Tuesday, September 17, 2013

Morsi's fall, engineered by Saudis, now Israel's fault?

One of the reasons blogging the Middle East is hard today:

Last Tuesday, Recep Tayyip Erdoğan, Turkey's prime minister,
accused Israel of being behind the ouster of Egypt's Islamist President Mohammed Morsi. . . .
This is curious and confusing, because
 Saudi Arabia's backing for the recent Egyptian coup, which its head of intelligence, Prince Bandar bin Sultan, had worked so tirelessly to achieve, was instantaneous. When Adli Mansour, the former head of Egypt's supreme court, was sworn in as interim president, King Abdullah sent him a message praising the Egyptian army for having saved the country from a dark tunnel.
The Saudi monarch followed this up last Friday with a speech whose bluntness was atypical of the man. "Let the entire world know," he proclaimed "that the people and government of the Kingdom of Saudi Arabia stood and still stand today with our brothers in Egypt against terrorism, extremism and sedition, and against whomever is trying to interfere in Egypt's internal affairs."  The Guardian.
And the Saudis are giving the Egyptian military dictators billions of dollars to support the coup.

Why would Prime Minister Erdoğan say such a thing?

The answer may lie in Syria: Turkey has a burning desire to see President Bashar al-Assad gone, and Erdoğan's disappointment with both the Obama's and Putin's apparent joint decision not to bomb Syria over "chemical" weapons is widely known.

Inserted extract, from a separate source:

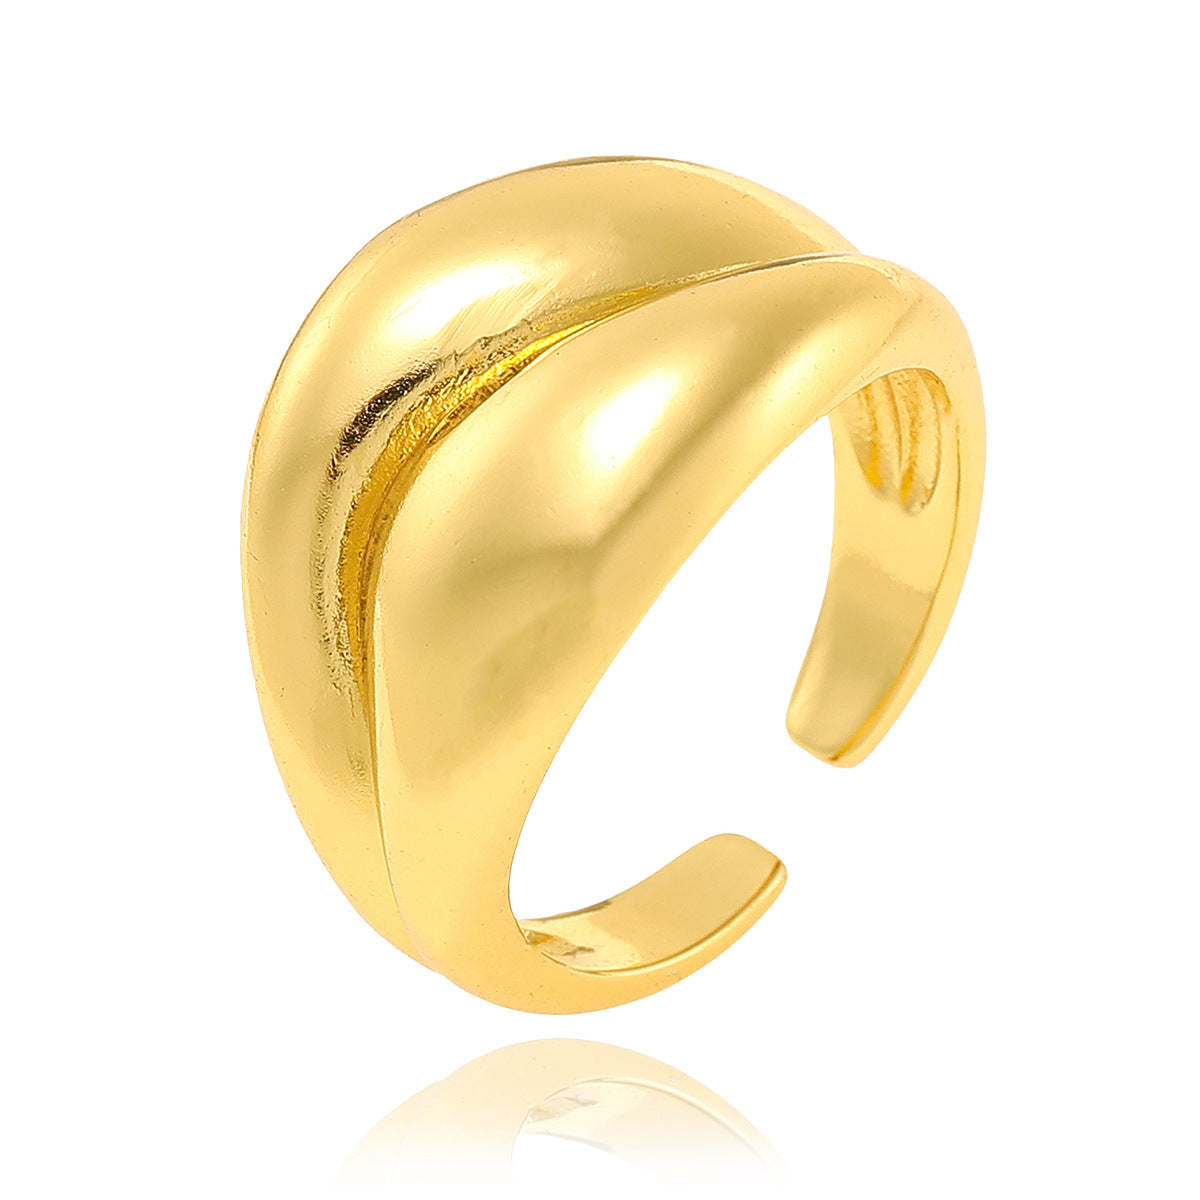 Commuter Ring Women's Copper Plating 18K Gold-plated Ring Adjustable

A UN brokered settlement of the weapons issue backed by the U.S. and Russia might lead to a brokered resolution of the ciil war, which might not turn out to be in Turkey's interest.

Supporting the Saudi now might be in Erdoğan's interest.  The Saudi are prime contributors to the Salafi rebels in Syria. MUSLIM WORLD - FRANCE 24,  How Saudi petrodollars fuel rise of Salafism .

  See, e.g. Reuters' Saudi edges Qatar to control Syrian rebel support. And see The Guardian,  Syria's rebels fear foreign jihadis in their midst; The Economist, Jihadis in Syria A Salafi shindig.